They believe it shows that John Kerry is the candidate, Democrats believe, who can beat President Bush in November. But, Judy, the senator himself was asked about that poll this morning. He said it was a one-day headline and that’s it. He still has a very, very long way to go — Judy.

WOODRUFF: Working very hard not to seem overconfident, in fact.

All right, Kelly, thank you very much.

Well, Howard Dean also is looking towards Saturday’s caucuses in Michigan and in Washington state. But he’s doing it for a different reason than Kerry. Even Dean has acknowledged that he may be 0-9 when the final results come in tonight. So, he’s banking on upcoming contests to keep his campaign alive.

Dean has appearance in Spokane and Tacoma, Washington, before settling to follow the vote count. At one stop, he took aim at rival Kerry without mentioning him by name.


HOWARD DEAN (D), PRESIDENTIAL CANDIDATE: You have a very stark choice in front of you between somebody who has actually delivered health care and balanced budgets and somebody who is a perfectly fine person, but hasn’t ever delivered any health care, introduced 11 health care bills, none of which ever passed.

We need to win Washington state. What this choice is really about is, do you just want to change presidents or do you want real change in America?


WOODRUFF: Our senior political correspondent, Candy Crowley, is on the telephone now from Seattle.

Candy, what’s going on inside the Dean campaign?

CANDY CROWLEY, CNN SR. POLITICAL CORRESPONDENT: Well, a lot going on inside the Dean campaign.

As you know, for several days now, they’ve set their sites on Wisconsin. There obviously have been some ongoing talks with supporters, in particular, the unions, who obviously have put a lot of money into this campaign. We are told by sources within the campaign that the unions, in particular, asked me, and the SEIU, who were the first two major endorsements for Dean, are on board with the Wisconsin strategy.

Nonetheless, there will be a Thursday meeting with the governor. Again, the campaign says this is just about strategy and they’re on board, but, clearly, some signs here of some concern. Beyond that, there have been, to our knowledge, about a dozen and a half people who have lost their jobs at the Dean campaign when they were at full-tilt, about 400 people (AUDIO GAP) people working for the Dean campaign.
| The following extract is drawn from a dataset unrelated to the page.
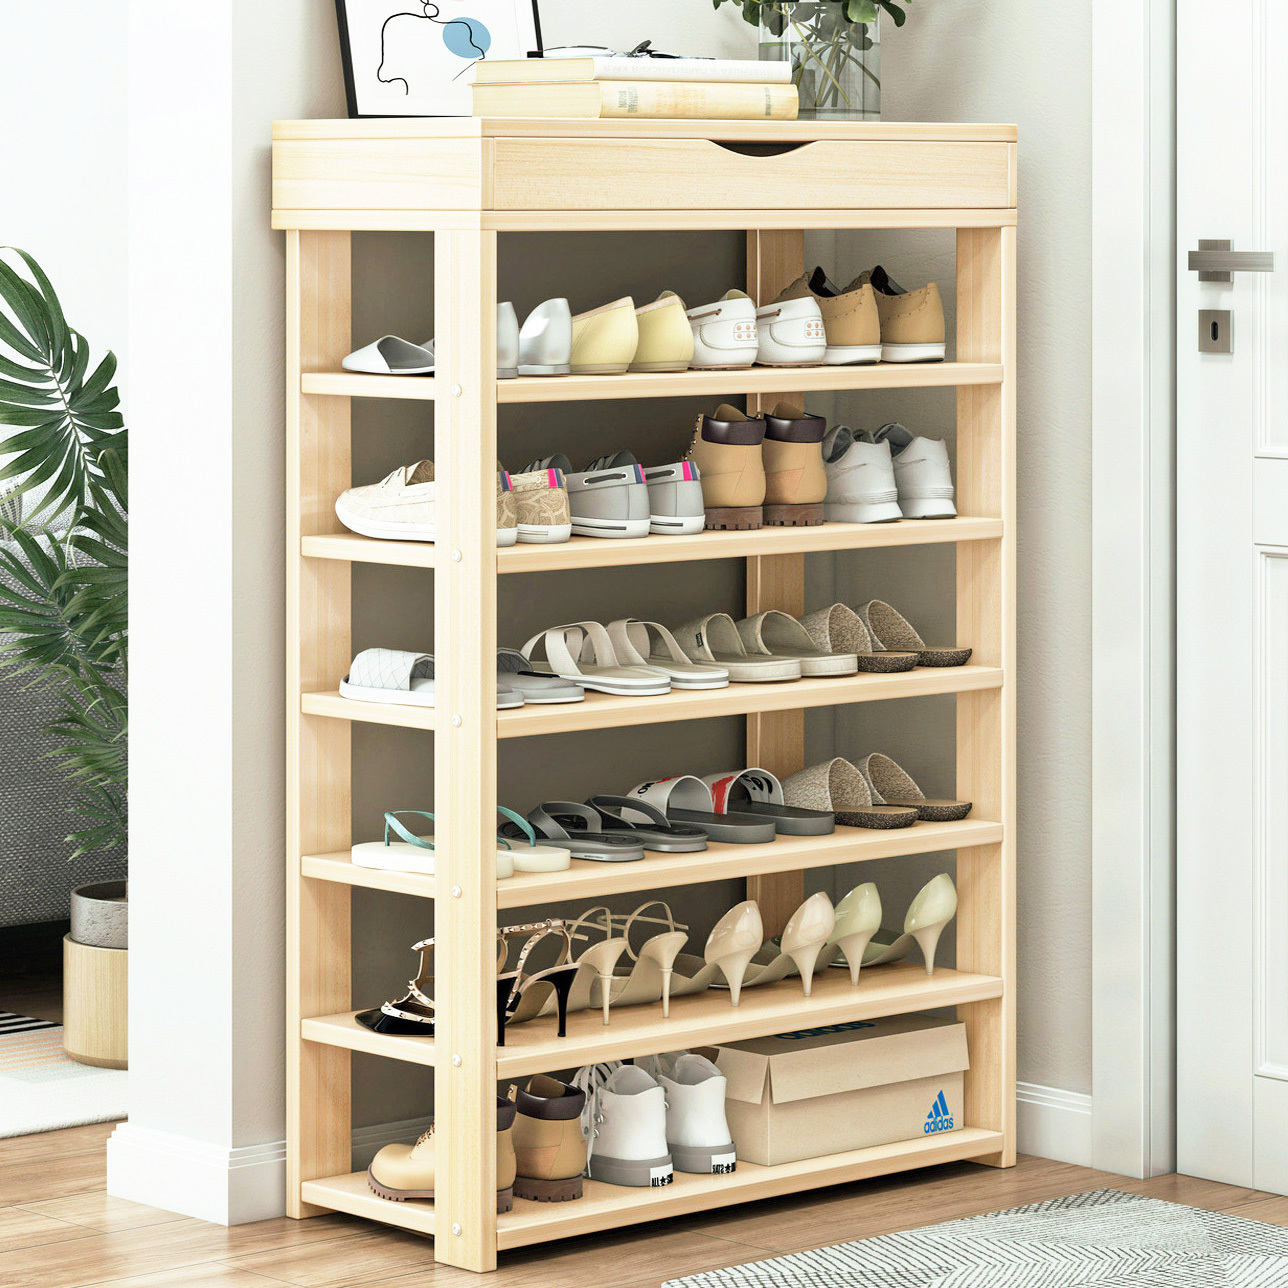 Relaxdays Rack 3 Levels, 9 Pairs, Shoes Storage for Hallway Made of Iron,  HxWxD: 50 x 70 x 26 cm, Stable, White, 100% : Amazon.co.uk: Home & Kitchen

We’re told that some of these layoffs are from Iowa and New Hampshire, and something you would expect, since those are in the past. So, clearly, some signs of more belt-tightening, which we have been told ever since Roy Neel came on as the head of the campaign, that there would be some belt-tightening and dialing it back.

They do believe, though, they’re in a fairly good position to keep going, to keep going through — when you talk to the governor, he always mentions the March contests in California and New York. Whether or not there’s the will to go on may be more important than the money. But they are banking a lot on Wisconsin and still talking about March.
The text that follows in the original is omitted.